Step 1: Confirm sandbox state

CLI:

bash

opensandbox sandbox get <sandbox-id>

HTTP:

bash

curl http://<server-domain>/v1/sandboxes/<sandbox-id>

If the server requires authentication, add -H "OPEN-SANDBOX-API-KEY: <your-key>" to all curl commands.

Check the sandbox status (Running, Pending, Paused, Failed, etc.). If the sandbox is not found, it may have been deleted or expired.

Step 2: Get diagnostics summary (recommended first action)

CLI:

bash

opensandbox devops summary <sandbox-id>

HTTP:

bash

curl http://<server-domain>/v1/sandboxes/<sandbox-id>/diagnostics/summary

This returns a combined plain-text view of:

Inspect: container/pod details (status, resources, network, labels)
Events: state transitions, OOM kills, errors
Logs: recent container output

Read the output carefully and look for common failure patterns listed below.

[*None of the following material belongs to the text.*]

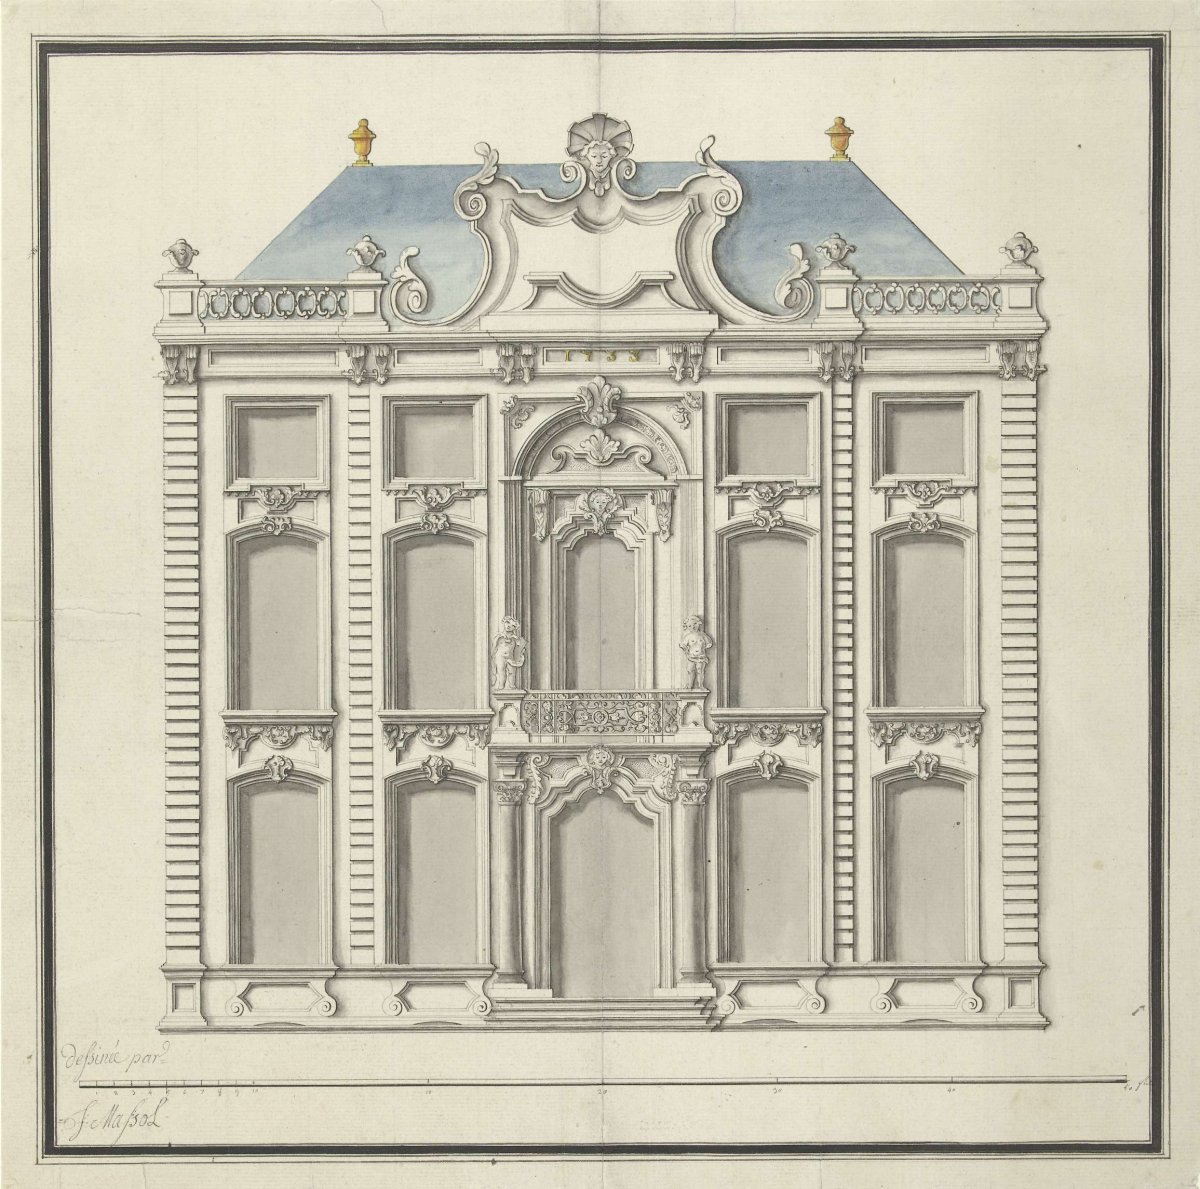 First name residence with flat sidewalk, Joseph Massol, 1752 - 1767

Step 3: Drill down if needed

If the summary is not enough, use individual endpoints for more detail:

CLI:

bash

opensandbox devops logs <sandbox-id> --tail 500
opensandbox devops logs <sandbox-id> --since 30m
opensandbox devops inspect <sandbox-id>
opensandbox devops events <sandbox-id> --limit 100

HTTP:

bash

# Get more log lines
curl "http://<server-domain>/v1/sandboxes/<sandbox-id>/diagnostics/logs?tail=500"

# Get logs from recent time window
curl "http://<server-domain>/v1/sandboxes/<sandbox-id>/diagnostics/logs?since=30m"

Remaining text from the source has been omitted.